Kade stood without a word, but his mother grabbed his arm as he walked by. He could feel her body sag against him, as if she couldn’t bear her own weight, and gingerly he helped hold her steady.
“You can do this,” he murmured softly, and she made a choked, pained sound. “We’re here. It’s okay.”
She nodded. Behind him, Kade could hear the clatter of dishes, Bowen speaking in a hushed voice as Yuka began to cry. He couldn’t bring himself to look back, but their noise followed him as he helped his mother through the hallway to his parents’ room.
The room was empty save for his father, laying on the bed with his breaths wheezing out of him after each shallow, laborious inhale. The doctor had been generous in his estimation of a few hours, Kade thought—from the way his father struggled to breathe, he might not last more than thirty minutes. His face was pallid and covered in a thin sheen of sweat, his lips chapped and eyelids fluttering. He looked nothing like the strong, warm man Kade remembered, the father who had lifted him up onto his shoulders when they walked, the man who had taught him to fight with his sword…
He had stopped in the doorway, Kade realized, as Meriwa stumbled out of his grasp and his siblings pushed their way around him into the room. His mother took up her seat beside Kallik, grasping one thin, unmoving hand in both of hers; Amka and Yuka went around to the other side of the bed. Amka crawled in next to him with no reservation to throw her arms around him and press her face into his shoulder, while Yuka grasped his free hand and tried to stifle his cries. Slowly, Bowen sat down at the end of the bed beside Yuka: one hand pressed to his father’s leg, and the other rubbing their younger brother’s back.
Kade stood in the doorway, his feet suddenly pinned to the floor. What was he supposed to do? How could he comfort them, any of them? Part of him felt like he had no place with them there–that he hadn’t been around enough in the past years to justify being here. What could he do now?

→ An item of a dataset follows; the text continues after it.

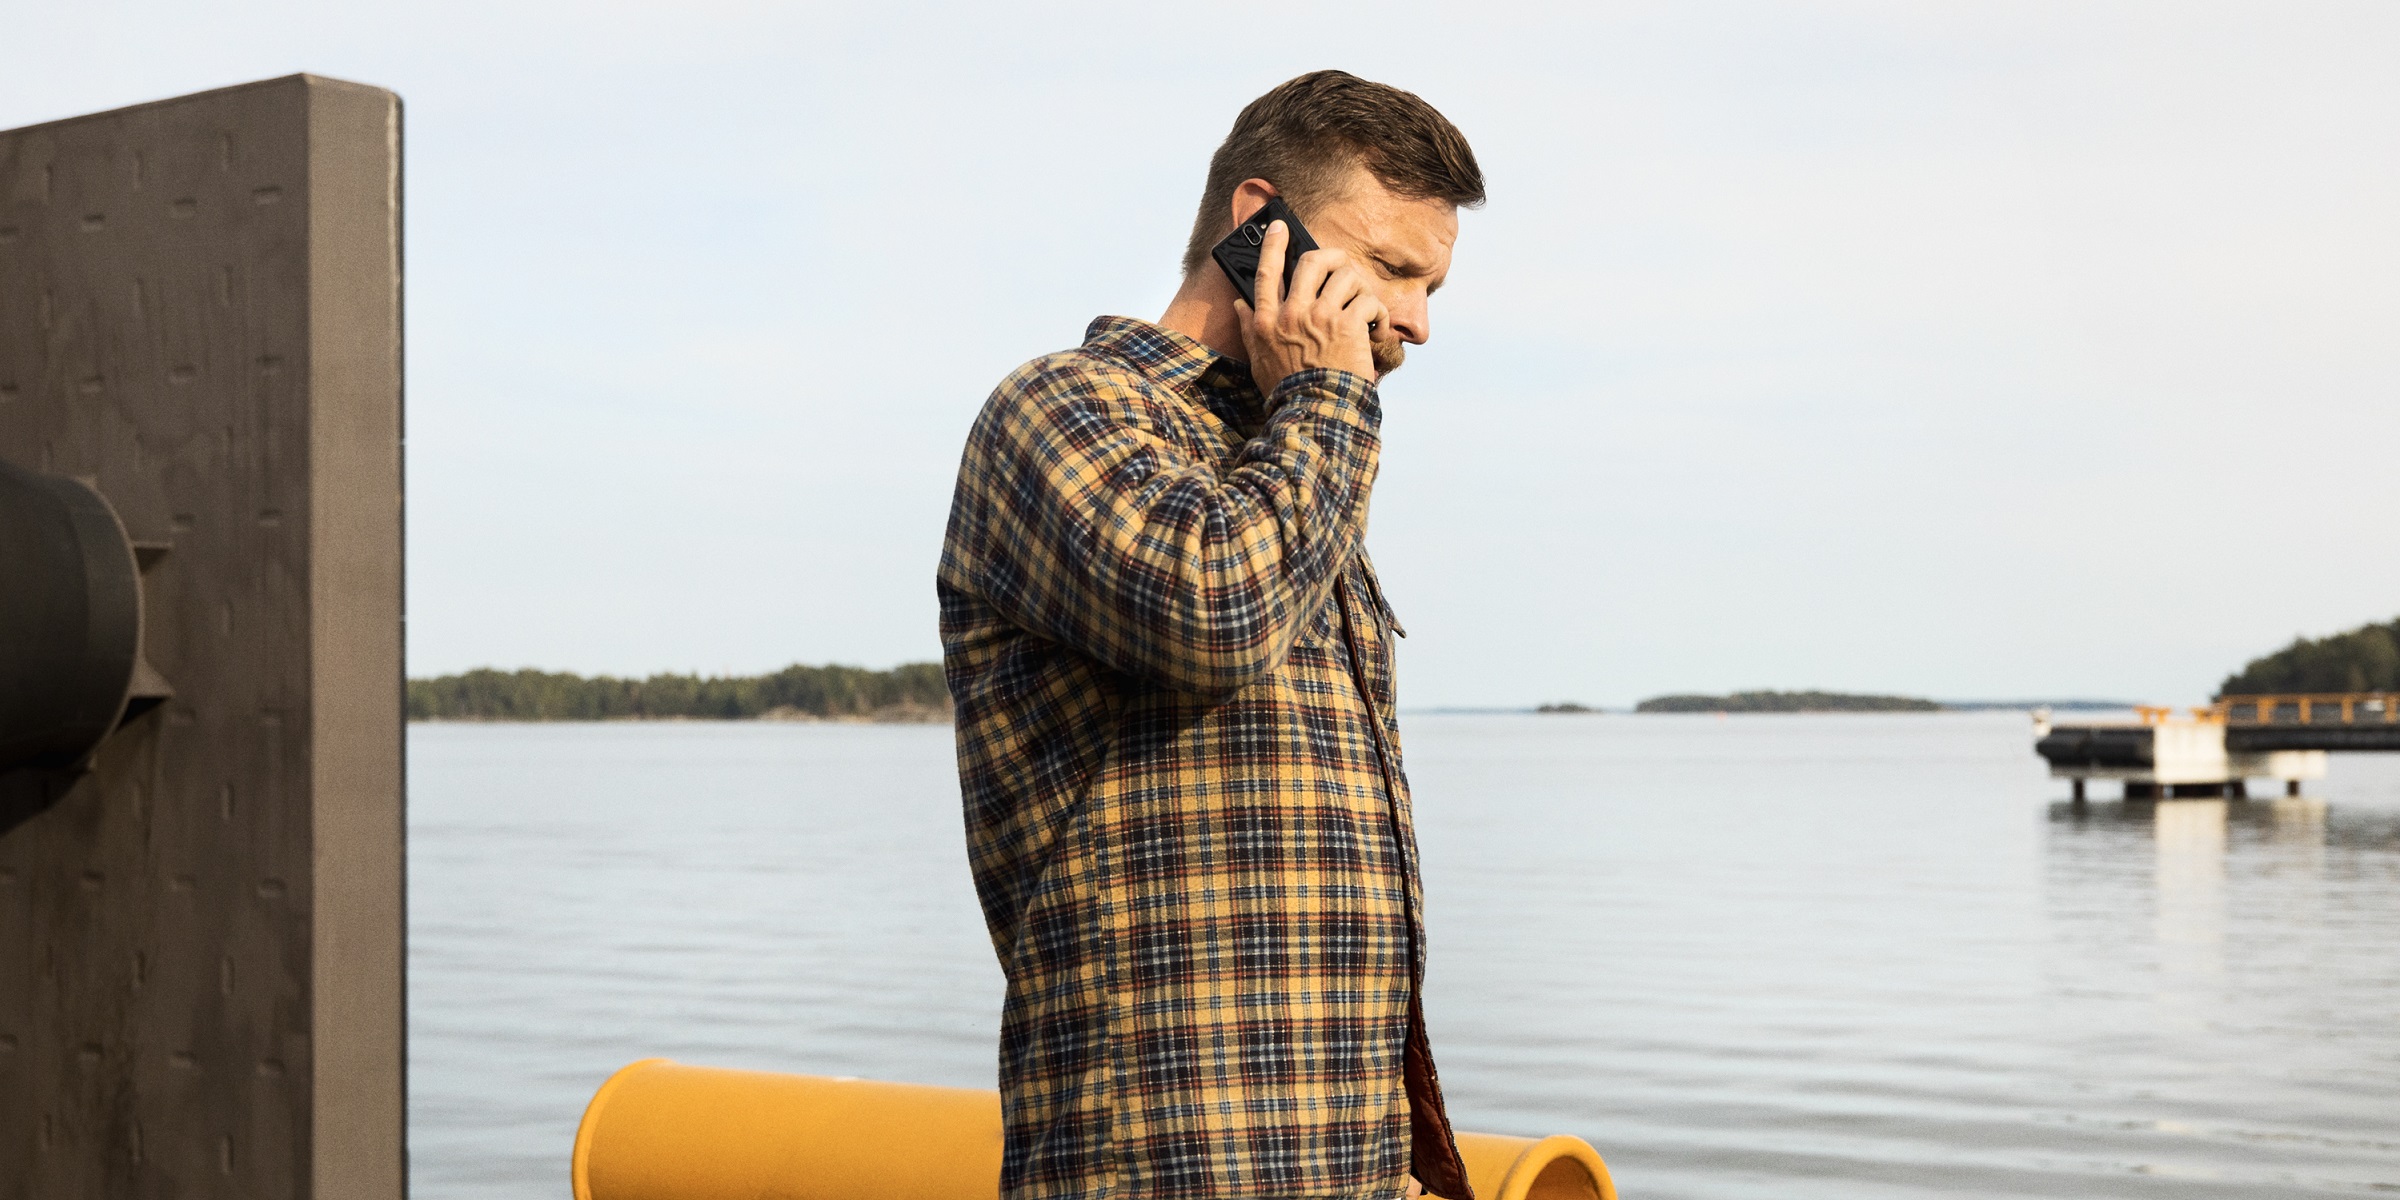 Ruutupaitainen mies laiturilla, puhuu kännykkään, taustalla järvi.

“Kade,” his mother called, breaking him from his thoughts. She reached out one hand and gestured for him to come sit by her. “Come here.”
Dread welled in his chest; but he obeyed, first walking stiltedly to her side, then kneeling next to her with his hands on the bed sheets. For a long while, the only sound in the room was his father’s labored breathing, occasionally interrupted with a sniffle or soft cry.